This research has been approved by the Henry Ford Health System Institutional Review Board. We obtained written informed consent from all participants in the study.
We hypothesized that, given a T2WI at the chronic stage of stroke (3 months post-stroke), an ANN might be trained to directly predict the size and pattern of the tissue recovery from the information available in acute phase MR images.
Twelve patients (with a total of 83 slices) with acute neurological deficit consistent with ischemic stroke, and MRI studies within 24 hours of onset (defined as the last time the patient was known to be without neurological deficit), were selected. The severity of neurological deficit was assessed at the time of the MRI study using the NIHSS score. MRI studies were performed at the acute time point (<24 h post-ictus), and at outcome (3 months post-ictus). Patients with cerebral hemorrhage, a history of prior stroke or other neurological disorders hampering interpretation of the neurological outcome were excluded. The study was approved by the Institutional Review Board.
An acute-phase MR image set consisting of a T1-weighted (T1WI), T2WI, DWI and proton density (PDWI) was selected as the input set to the ANN. The co-registered three month T2WI, considered to be the gold standard for final infarct size (and estimation of the tissue recovery), was employed as the training set.
MRI studies were acquired on a 1.5-Tesla GE Signa MR scanner with echo-planar capability (GE, Milwaukee, WI). Each MRI study consisted of axial multispin echo T2WI, and DWI with slice thickness 6 mm. The field of view (FOV) was 240×240 mm. For T1WI and T2WI, the matrix was 256×192 and for DWI 128×128. Additional parameters for each study were: (a) T1WI: TR/TE = 600/14 ms; (b) T2WI: TR/TE = 2,800/30, 60, 90, 120 ms; (c) axial DWI was performed using an echo-planar sequence, TR/TE = 10,000/101 ms, b-values = 1,000, 600, 300, 0 s/mm2, sequential application of three separate diffusion-sensitizing gradients in perpendicular directions, 1 NEX.
For each patient, four image sets (T1WI, T2WI, DWI and PDWI) at the acute time point were selected to provide input features to the ANN. All acute- and chronic phase images were registered to the acute T2WI using Eigentool software . To reduce mis-registration effects, images were smoothed using a unity filter with a 3×3 window, and the smoothed images were then normalized to their mean value, thus creating a feature set insensitive to the MR system gain.
ROIs were defined by thresholding the 3-month T2WI to outline the region of infarction. This region was reflected around the midline and adjusted so that the resultant region selected a visually normal contralateral area of tissue, so as to approximately balance normal and infarcted tissue. Prevalence which refers to the ratio of number of samples from the lesion area divided by the total number of samples from the lesion and normal areas was about 57%. The selected infarcted and normal regions were used together as inputs to the ANN.
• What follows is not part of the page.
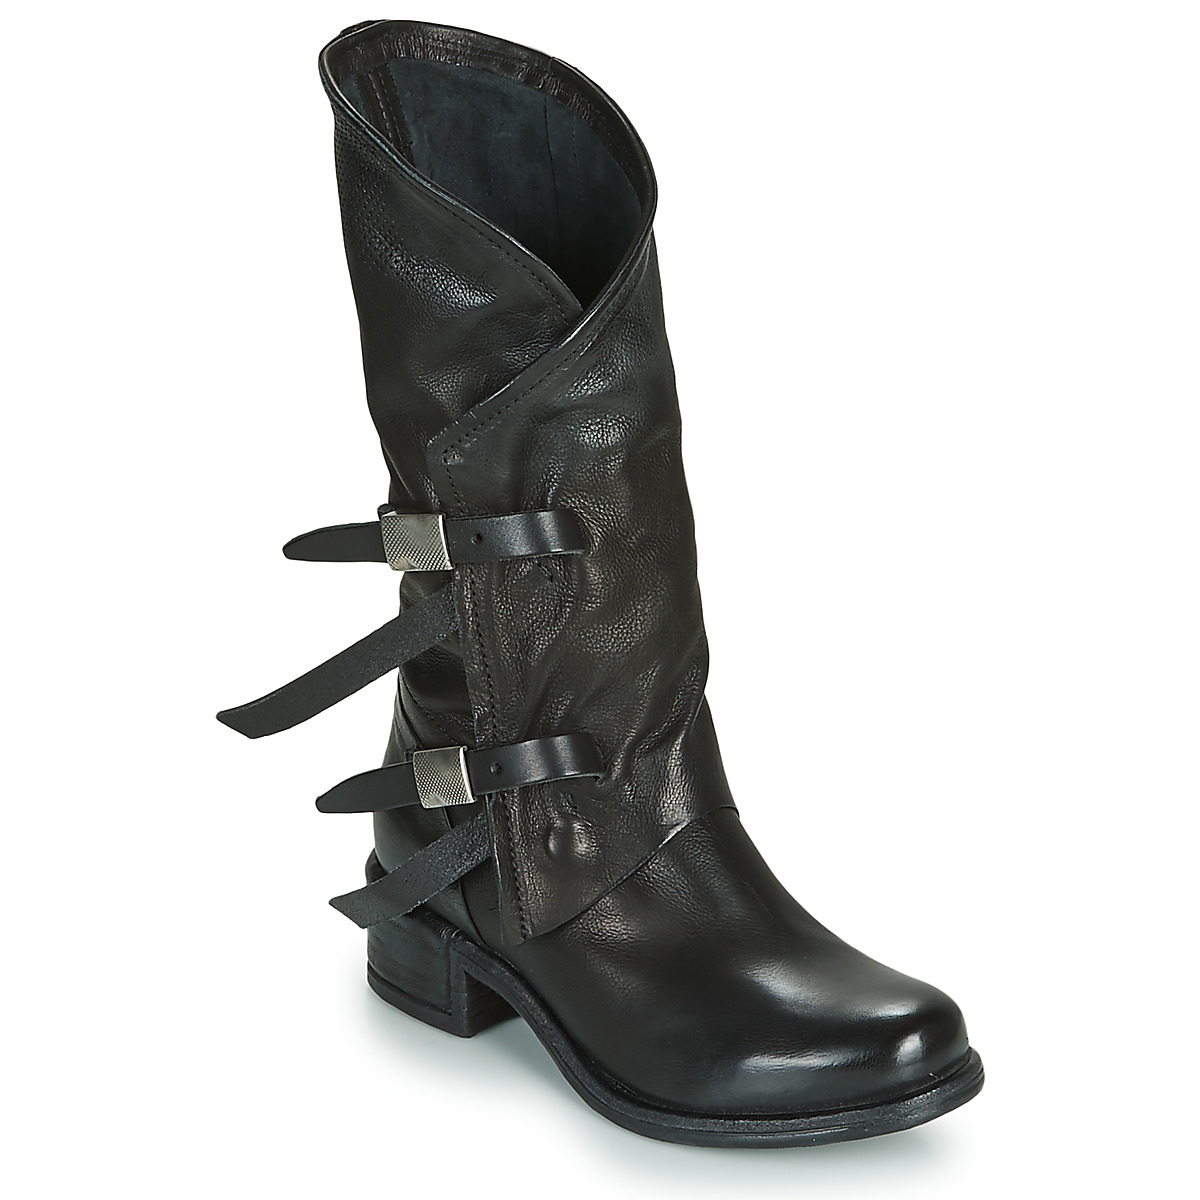 AS98女鞋子圆头长筒靴正品气质显瘦牛皮靴子黑色冬季意大利品牌

Using the normalized data from the selected ROIs (83 slices, and 140218 voxels, representing total number of the training samples for all subjects) drawn by the study neurologist (PDM), a feature set was generated from the four selected acute-phase images and presented to a feed-forward multilayer perceptron (MLP) with back propagation training algorithm as an input vector. In this type of ANN, as shown in Figure 1, the nodes are organized in the input layer, hidden layers, and the output layer. Nodes are interconnected by weights in such a way that information propagates from one layer to the next through a sigmoid (bipolar) activation function. Learning rate and momentum factors control the internode weight adjustment during the training. A back propagation learning strategy , ,  was employed for training the ANN in a supervised mode. In this strategy, a trial set of weights (the weight vectors, one vector for each layer of the ANN) is proposed. The input vectors (a set of 4 voxels extracted from 4 normalized modalities such as DWI, T1WI, T2WI and PDWI) are presented to the ANN, and the output result compared to the class identifier (in our case, this was the co-registered T2WI image at three month study). The weight vectors are then adjusted to minimize some measure of error, i.e., the Mean Square Error (MSE) between the output of the ANN and the normalized T2WI at three months (training set). This procedure is performed iteratively across the entire data set.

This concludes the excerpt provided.